The point I’m about to make has been debated here before, and it really isn’t my intent to start it up anew or to hijack the thread, but Moore is not any kind of “documentary” filmmaker in my opinion.

Any documentary I’ve ever seen prior to the ascendancy of Moore was one in which the filmmaker’s politics and/or particular axe to grind, if any, was not in evidence. Documentaries, by their very definition, are supposed to be objective.

Moore’s work is more propaganda than documentary.

Narcissism, I would say. It’s ‘Portrait of the Arriviste as a Young Man’, followed by ‘Portrait of the Arriviste as a Bearded Man’, followed by ‘Portrait of the Arriviste as a Manhattan Man’. As self-portraits go, Van Gogh he ain’t. Not stuff you’d want to return to again and again in awe of the work of someone with talent.

Well said, my erudite friend. Van Gogh was a man of unquestionable genius whose work can be viewed over and over again, with something new to be gained from each new viewing. Moore, on the other hand, is just a plain, ordinary, opinionated schlub whose work loses impact and meaning with each new viewing. If he weren’t preaching to the choir politically, I imagine his work would be viewed as having no artistic or substantive merit whatsoever.

Eh… I think Moore’s movies function more like an editorial. He takes the facts (please don’t say… just don’t), which would be the footage, and builds his message, his opinion, upon that. He’s a columnist. Why people fail to see that is beyond me.

Now, roger, I think you’re being pretty harsh on this one. It may be because of your apparent dislike for the man, but I don’t think you’re being very objective or sensitve about the film. I can understand how watching someone who is truly annoying to you ruins the whole concept of “entertainment”, but what exactly is it that puts you off Roger and Me? Aside from your extreme dislike of the man, why do you deem the film so poorly?

Well: Roger.
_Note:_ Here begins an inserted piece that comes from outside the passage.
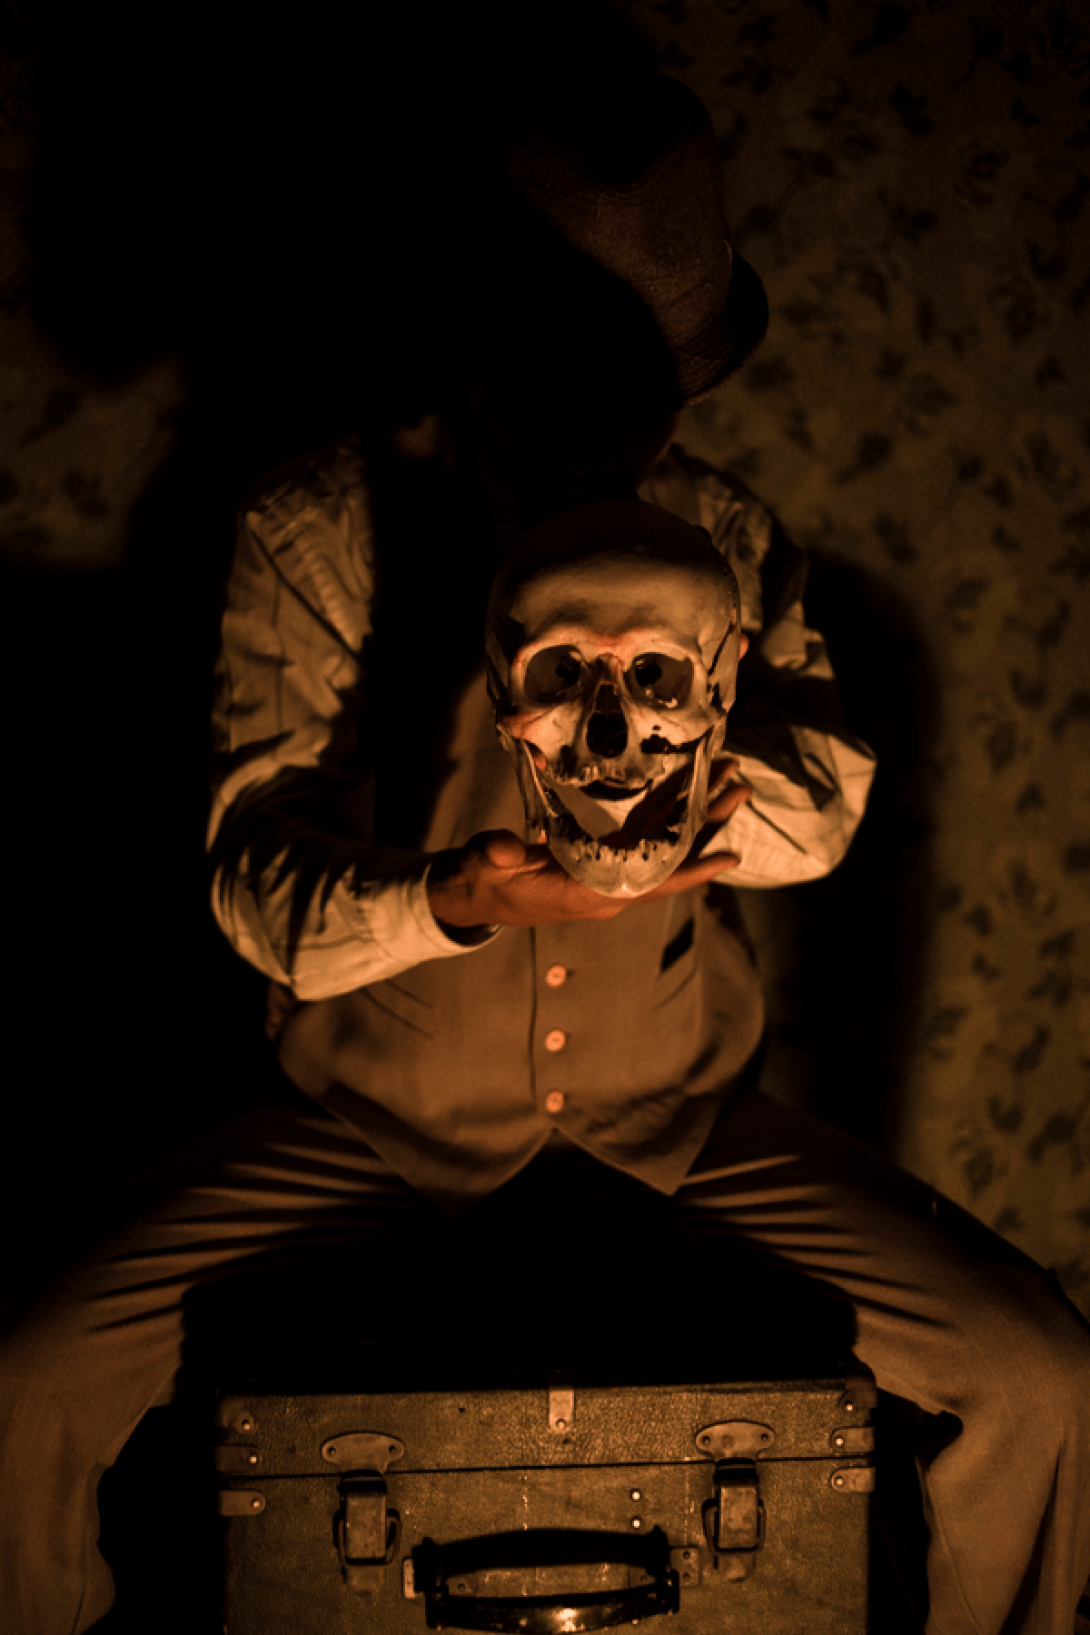 Actor sentado sobre una maleta en la oscuridad muestra una máscara entre sus manos.

Nike president on the second one, Charlton Heston on Columbine, and George W. in Fahrenheit. It’s an easy way out for Moore. He usually ends with a confrontation with the big bully. He should change that way of storytelling, for kicks.

Because it doesn’t have much merit. None of the three I’ve seen have much merit, with F9/11 being the best in my opinion, but really only for the Halliburton stuff, which we all knew anyway. And we also know that power (and money) corrupts. One only has to look at Moore himself to see that. It’s because Moore is sanctimonious, snobbish, superior, hypocritical, abusive (of his subjects) and phoney that I don’t care for him. Shouldn’t anyone with discernment find that kind of person reprehensible and unlikable?
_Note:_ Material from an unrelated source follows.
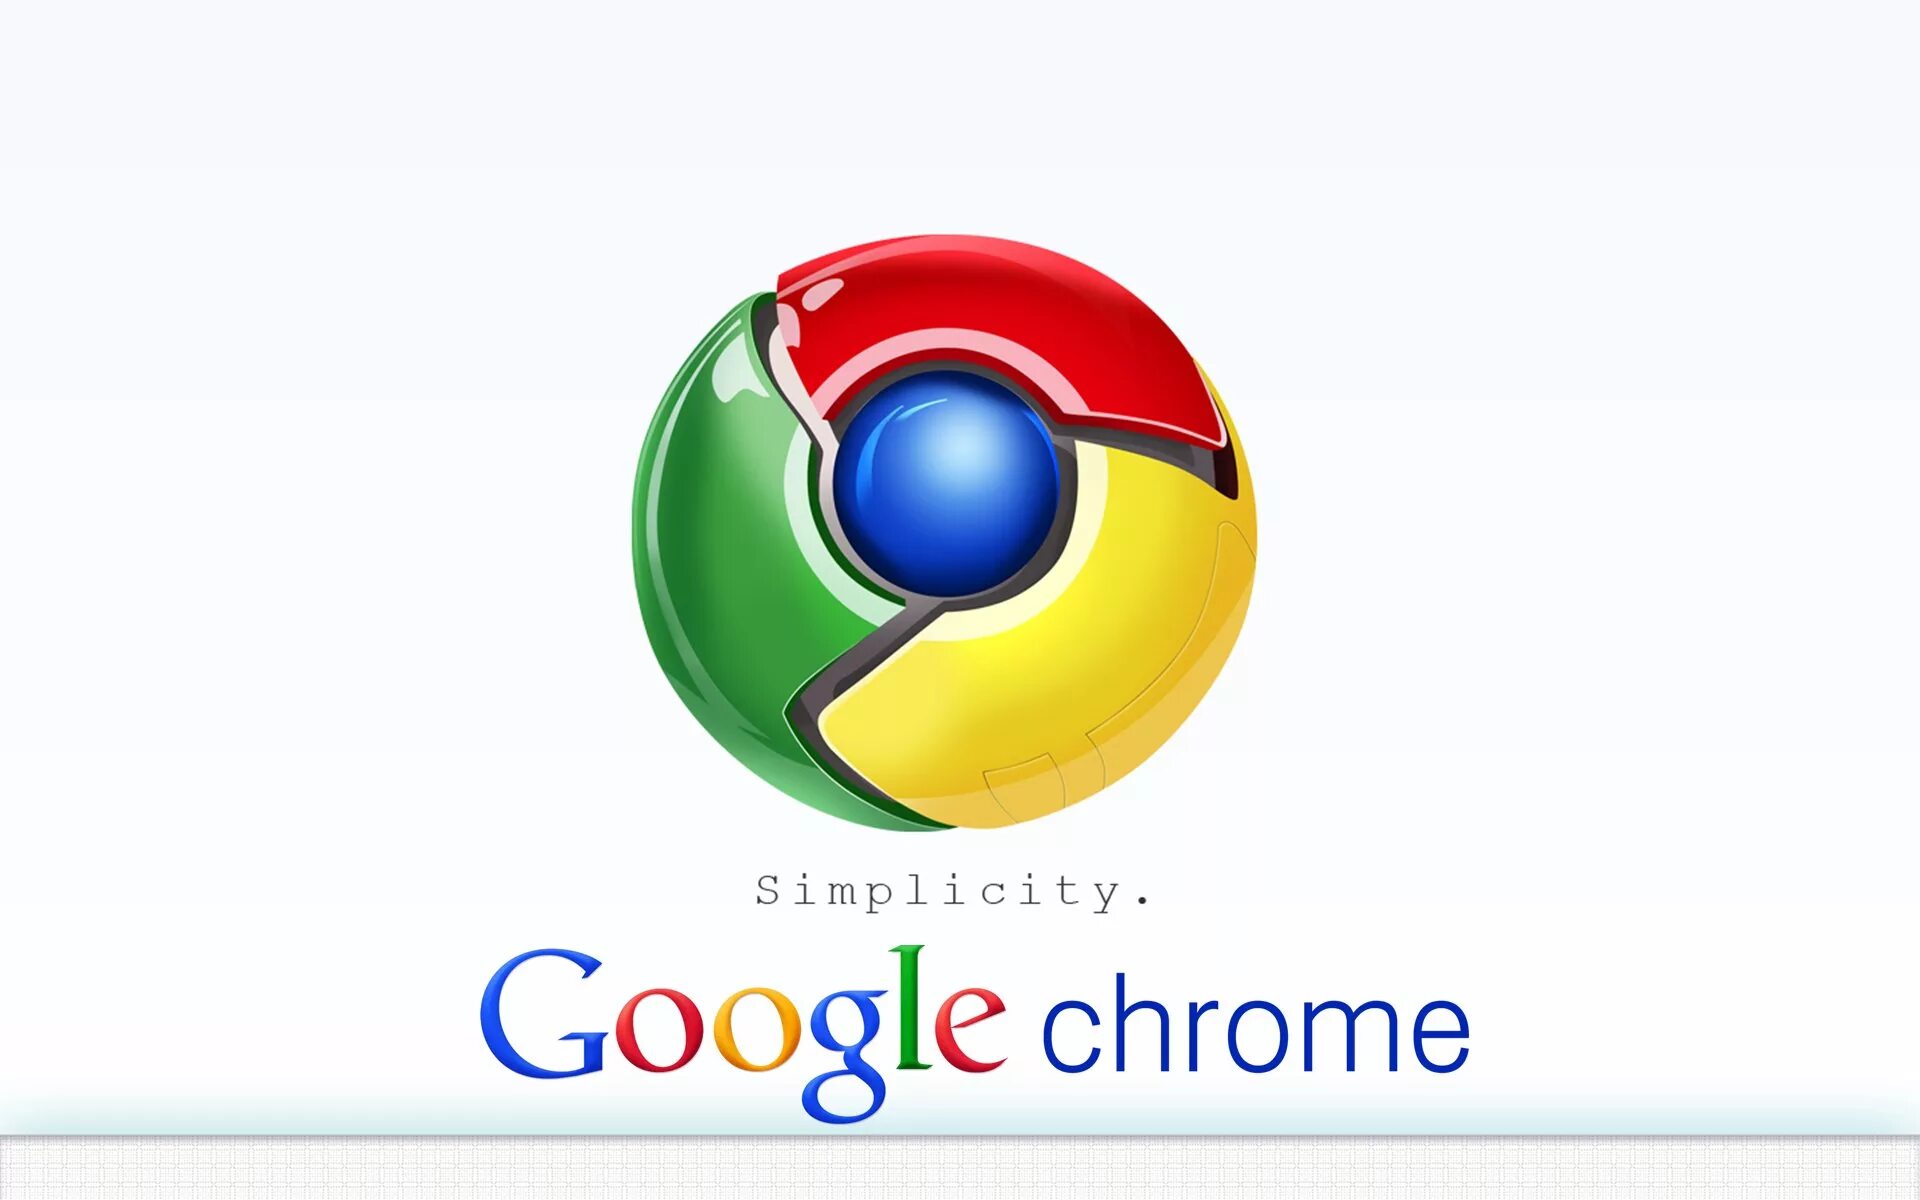 Гугл хром. Гугл браузер. Google frame. Google Chrome логотип.

I don’t follow. Which film are you referring to?

I think most people tend not to view him as a “columnist” for a couple of very specific reasons. For one, he’s almost always referred to in print and on the airwaves as a “documentary filmmaker,” and secondly, columnists use words and are clearly giving only their opinion, not skewing facts and images on film (and don’t forget, a picture is worth a thousand words) in order to deliberately create a false impression so as to fraudulently persuade their readers to their own point of view.

Moore does far more than “give his opinion.” He deliberately attempts to fool people into believing what he wants them to believe, which, of course, is the classic purpose of propaganda.

And I’d forgotten how weasily his voice is. Not to mention his hangdog expression as he pads away after being refused entry to another boardroom, private club. Oh! the injustice! Small wonder he needs to distort things after all he’s suffered in life.